We have not weighed in on where people should or should not protest. We have said that all Americans have the right to peacefully protest, whatever their point of view, but that attempts at intimidation and violence are totally unacceptable, and that they need to be condemned anytime they happen, regardless of who does it. [emphasis added]

This cavalier attitude by the Biden administration toward the law when it comes to protests they like in comparison to their attitude towards protests they are less in favor of has opened them up to criticism of having double standards and of them holding politicized attitudes when it comes to upholding the law. In effect then the Biden administration stands accused by its critics (and not without merit) of not upholding the rule of law that is basic to any functioning democratic system. I submit that such disrespect of the law and partisan encouragement to break the law by an American institution is one of the main causes behind the deterioration of public confidence in the institutions.

This has not been the first time that American institutions have taken a partisan lean. As I described in my first article for the Platform Mag, the press coverage of the Chauvin trial by their attempts to racialize it and excuse the looting and violence that emerged from protests over it were damaging to the rule of law in the United States. I also pointed out in the same article that the response by public health officials in approving of some protests while disproving of others was also very inappropriate. In another article for the Platform Mag, I criticized the inappropriate conduct of some journalists and their attempts to insulate themselves and their profession from public criticism. All these things point to how various institutions, which the public expects to be professional and neutral, are run by people who do not hold themselves to these expectations. Instead, these institutions are swept by the partisan passions and fads of the moment rather than dedicated toward a more sober and objective analysis. This needs to change if these institutions are to restore public confidence in them. As Lincoln put it in his aforementioned Lyceum Address:

Passion has helped us; but can do so no more. It will in future be our enemy. Reason, cold, calculating, unimpassioned reason, must furnish all the materials for our future support and defence.--Let those materials be moulded into general intelligence, sound morality, and in particular, a reverence for the constitution and laws: and, that we improved to the last; that we remained free to the last.

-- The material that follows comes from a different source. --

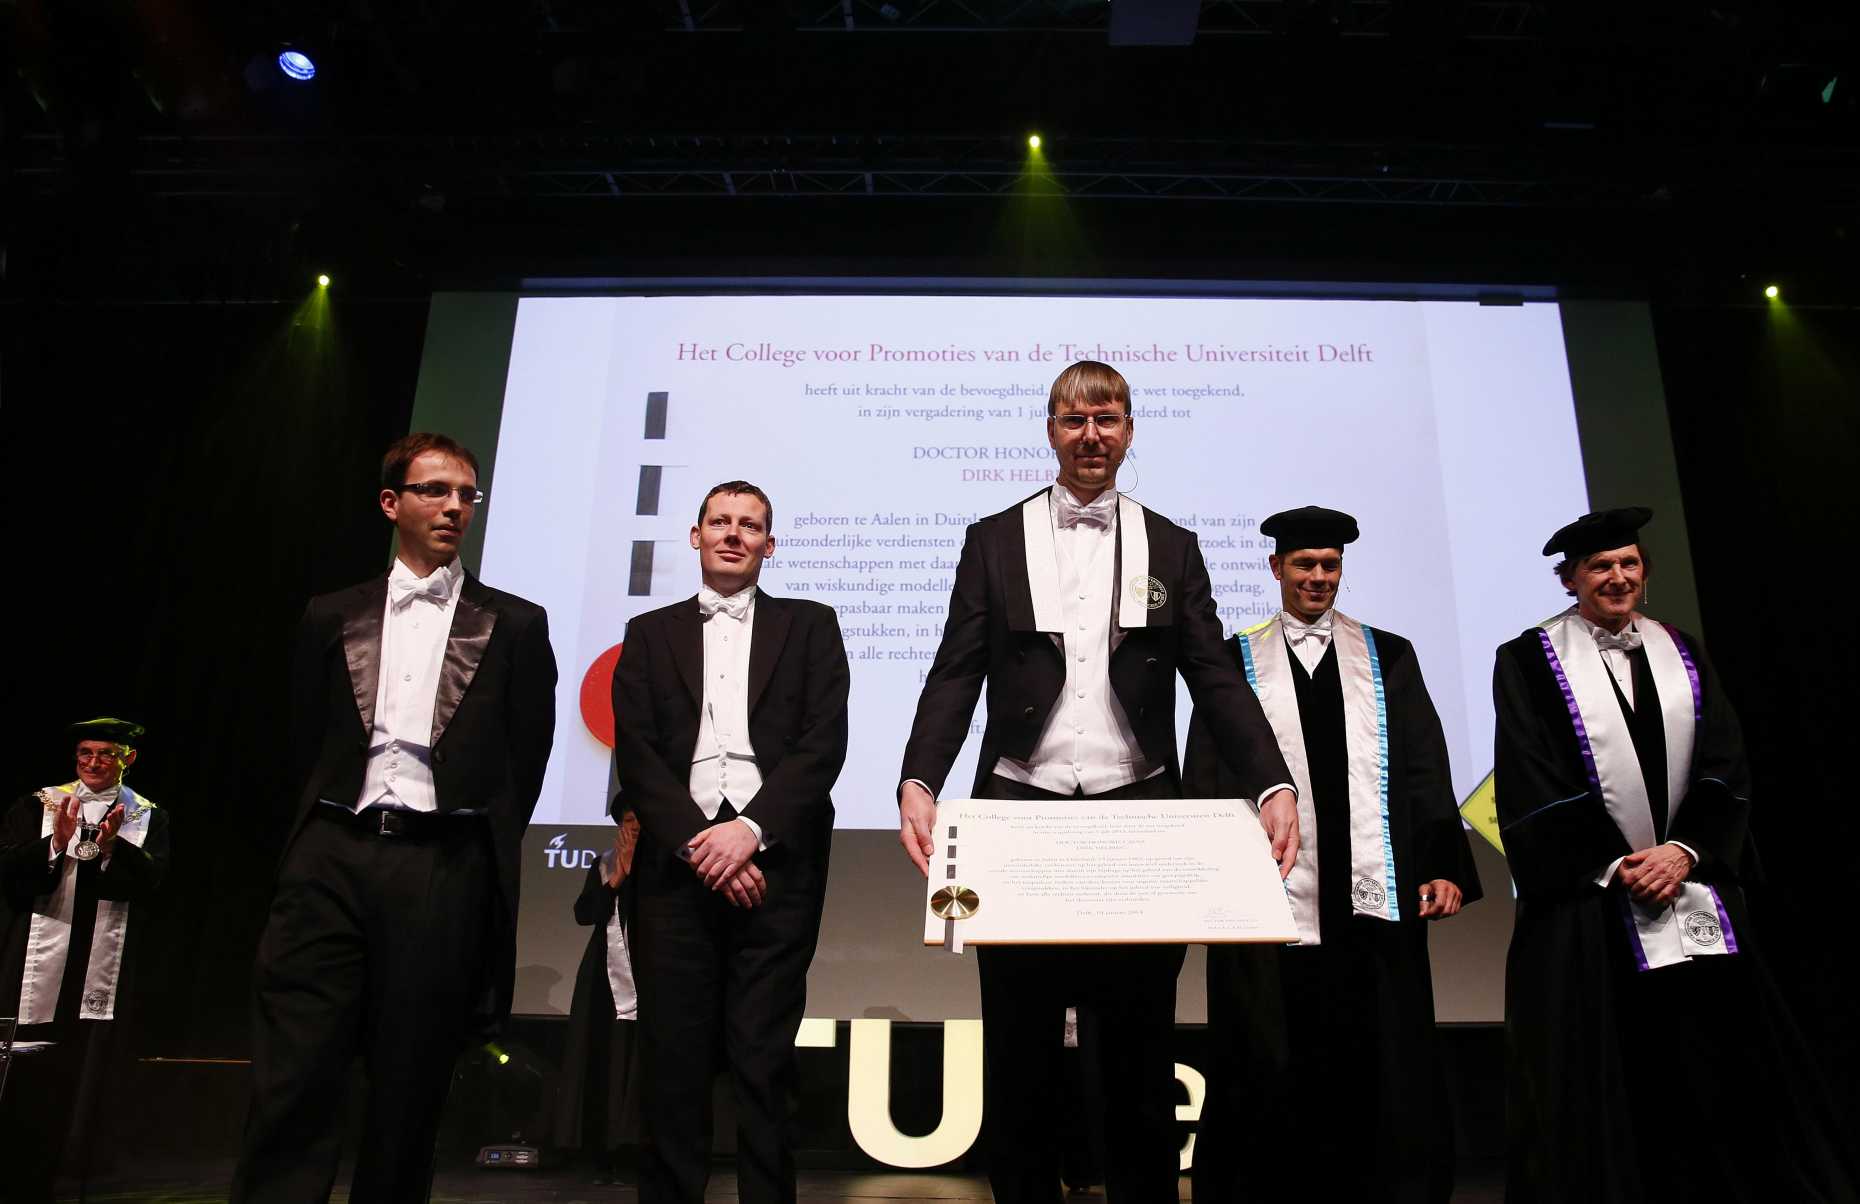 Enlarged view: Prof. Dirk Helbing recieving the honorary PhD from TU Delft

It is time for our institutions to return to a general state of reverence for the constitution and the laws of the United States and to be bulwarks rather than breakers of the rule of law. Those that break the law should be, after a fair trial, sentenced appropriately. Those officials who refuse to carry out the law and encourage such lawbreaking should be expunged from the civil service. These actions are the appropriate measures to restore public confidence and they ought to be taken post haste.